Роза из клана Коршунов - Страница 110


К оглавлению

110

— Что вы сделали с моей сестрой…? — почти рычал разгневанный мальчик, лицо его покрывали крупные бурые пятна, ноздри вздрагивали, глаза злобно блестели. — Я тебя… Айашт, спрашиваю!

— Да ничего мы не делали! — жалобно прохрипел полуживой колдун, когда Ларсарецу удалось оторвать одну руку упрямого и удивительно сильного для своего возраста паренька. — Ей оборотень… травы приворотной в еду накрошил, чтоб эта… сумасшедшая нас в ледышки… не обратила. Страшно было, что мстить… начнёт. Она тогда на Кирха… среагировала, вроде. Только злее стала-а-а… Не…срабо…та…ло…

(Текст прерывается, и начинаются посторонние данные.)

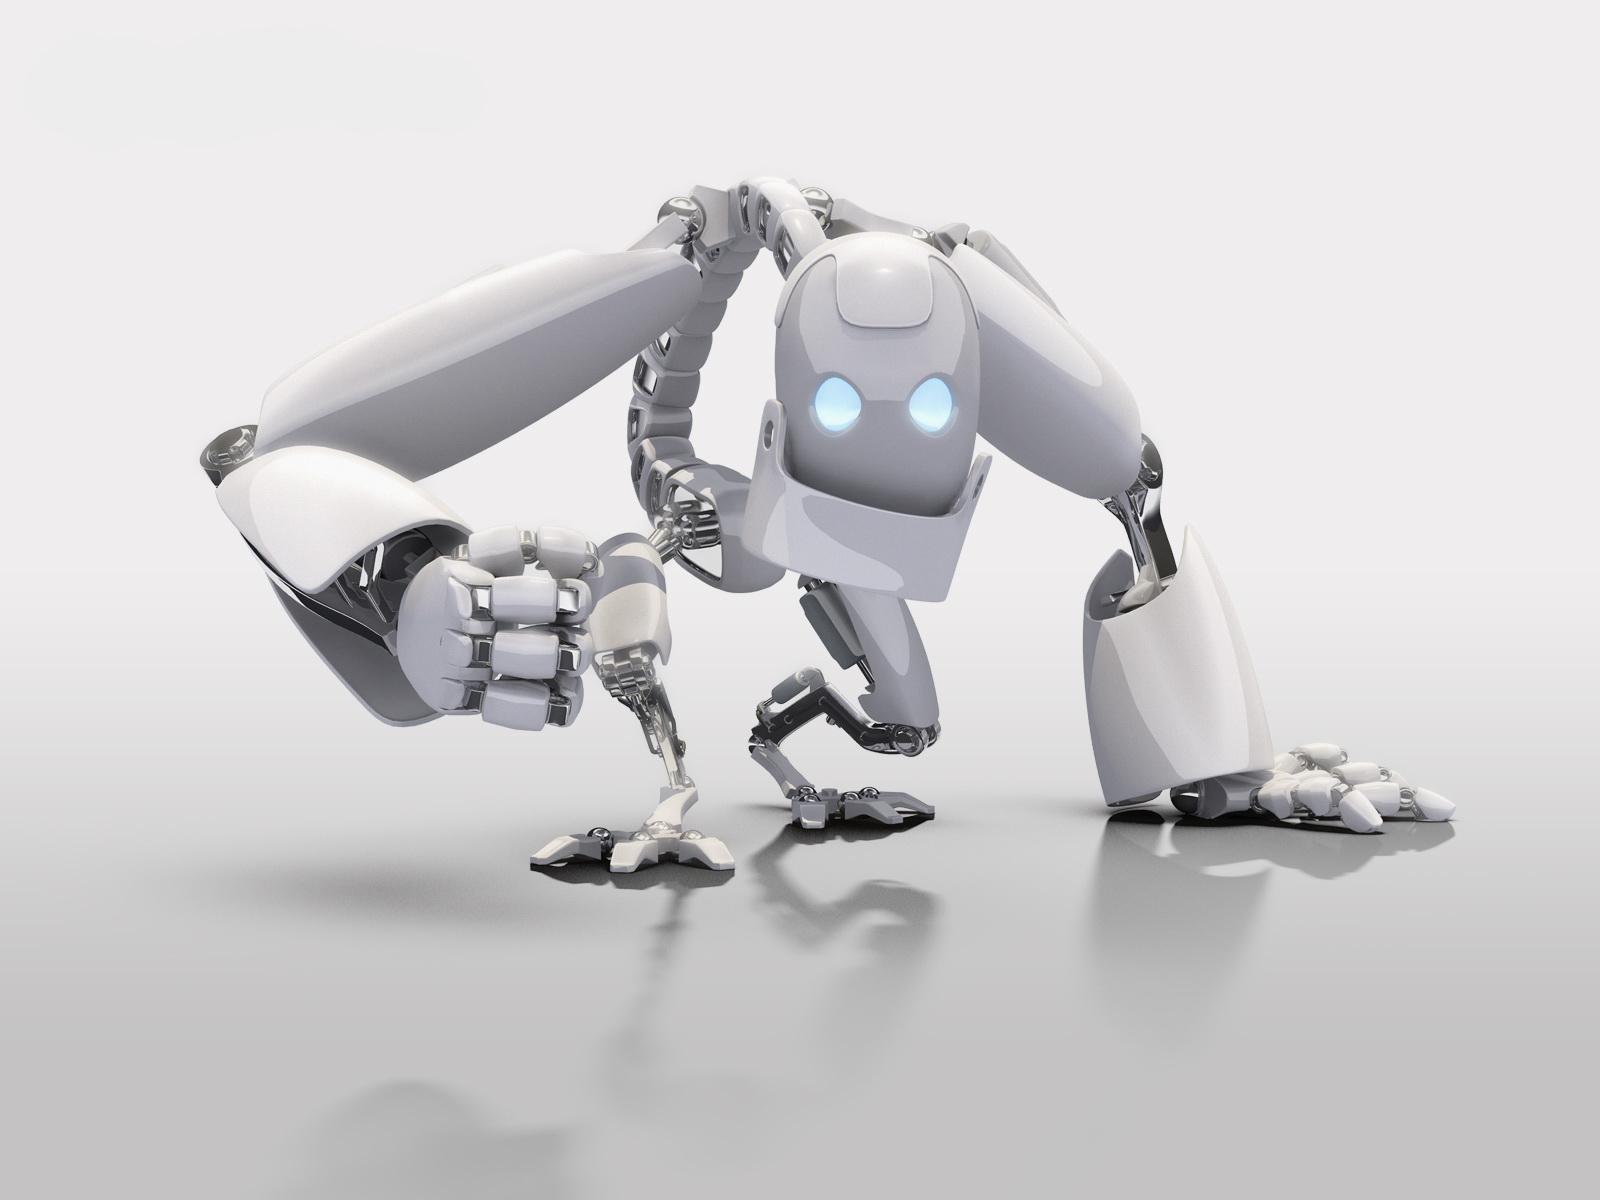 Картинки рабочие роботы

Говорить, что применение приворотных зелий к благородным дамам, да и обычным женщинам считалось верхом позора для последней, не приходилось. Как правило, несчастная теряла волю и отходила под полную власть своего нового хозяина на правах вычурной игрушки. Власть та отнюдь не была высоко духовной и не веяла моральными нормами. Поэтому позор ложился неизгладимый после прекращения действия трав и на объект манипуляций, и на всю её семью, если, конечно, женщину оставляли в живых после подобных забав. Реакция Ероша, как единственного мужчины из рода оскорблённой девушки была в вышей мере правильной, хотя немного и непоследовательной.

— Ерош, будьте добры, отпустите моего бывшего опекуна, — холодным и властным голосом со знаменитыми металлическими нотками лучшего Императорского генерала произнесла Каринаррия, дважды за сегодняшний вечер униженная.

Тон и выражение её незатейливого личика в данный момент были такими, что даже сам Император не решился бы противостоять этой хрупкой, но такой волевой девушке. Ерош ослабил хватку и столь же натянуто и подчёркнуто благородно отошёл в сторону, оставив в лёгком недоумении и Наследника, предполагавшего долгие уговоры, и Владомира, почти распрощавшегося с жизнью.

— Когда будет необходимо, я сама убью его по всем канонам, — между тем продолжала застывшая от глубочайшей ярости Корсач. — Подойдите ко мне, любезный двоюродный брат.

Паренёк не стал мелочно пинать не успевшего подняться колдуна и занял подобающее место возле сестры, придерживая её под руку. Получилась великолепная скульптурная композиция в лучшем стиле чопорной военной аристократии древних времён.

— Вы можете нас покинуть.

Последнее прозвучало как помилование, и проявляющий в этот вечер чудеса предусмотрительности Ларсарец едва ли не силой выволок не пришедшего до конца в себя Владомира, который даже в таком виде порывался ругаться севшим голосом.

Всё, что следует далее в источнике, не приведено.